Brain-Storming Grad Students Bring Neuroscience to NYC Classrooms

Columbia Neuroscience Outreach honored with award from Society for Neuroscience
December 23, 2011

Kelley Remole and Heather McKellar take the brain on the road to NYC schools

Graduate students Kelly Remole (left), Heather McKellar, and Cate Jensen (not pictured) developed Columbia University Neuroscience Outreach to introduce New York City schoolchildren to brain science.

Kelley Remole’11, PhD, still has fond memories of the day a local scientist visited her middle school classroom. “It was the first time I had a met a scientist and I thought it was really cool. I was already interested in science, but I would say she made the idea of science as a profession more real in my head.”

So when Remole began graduate school at P&S in the Department of Neuroscience she wanted to pass the favor on to a new generation. The department didn’t have an outreach program, but the chair encouraged Remole to start one.
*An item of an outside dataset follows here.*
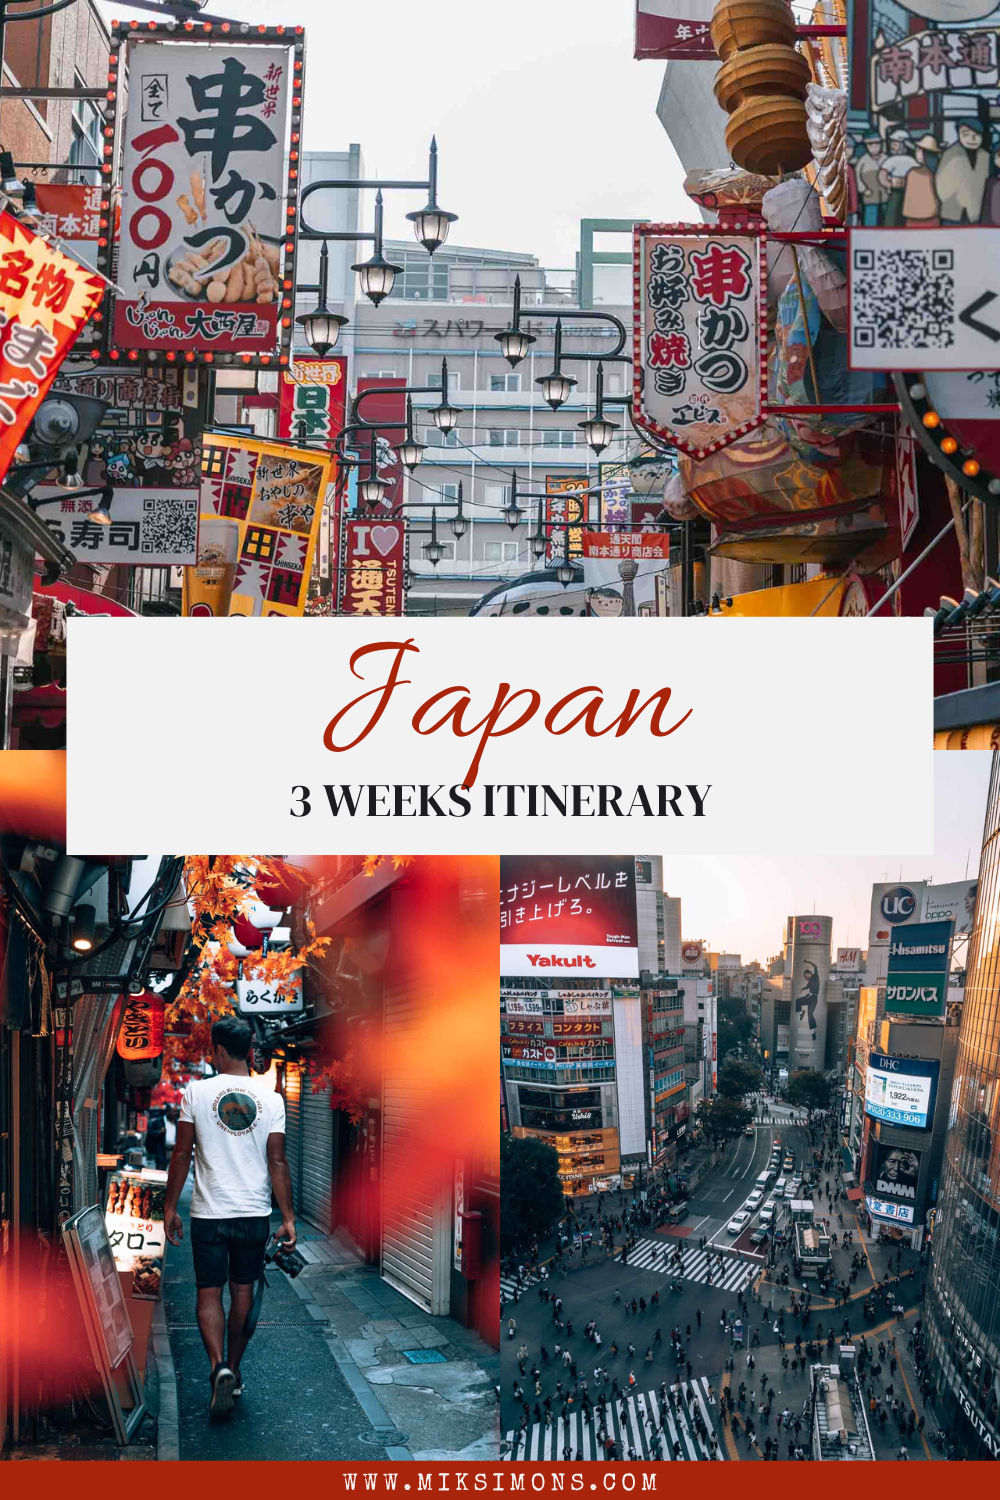 Japan in 3 weeks itinerary2

“I cold-called about half a dozen schools in upper Manhattan and was successful at getting through to one that year (2006). I recruited two friends to help me, and we got the class talking about science and the brain. The next year we got more volunteers and teacher contacts through word of mouth, and the Columbia University Neuroscience Outreach (CUNO) program was born.”

Every year since then the program has grown. Last year, 34 CUNO volunteers reached nearly 1000 New York City students at 16 schools in Manhattan, Brooklyn and the Bronx. In 2011, CUNO volunteer Heather McKellar’11, PhD, helped the program establish a partnership with the Dana Foundation, a non-profit that promotes brain research and education, to prepare New York City high school students for the International Brain Bee. And this year, CUNO volunteers are on target to reach even more students, says current CUNO president Cate Jensen, a 4th year graduate student and doctoral candidate in neuroscience.

“We make the brain accessible and fun rather than mysterious and distant,” Jensen says. “Our goal at CUNO is not to turn every child we meet into a future researcher, but instead to increase scientific awareness and understanding. Neuroscience has broad public interest, so it is a handy tool for engaging even young children in science.”

Columbia University Neuroscience Outreach NYC

Students get their first peak of a human brain.

One quick way to captivate a room full of 12-year-olds, CUNO volunteers have found, is to bring a preserved human brain for “show-and-tell.” Initial reactions vary from “Eeww, gross!” to “That is amazing! Can I take a picture?”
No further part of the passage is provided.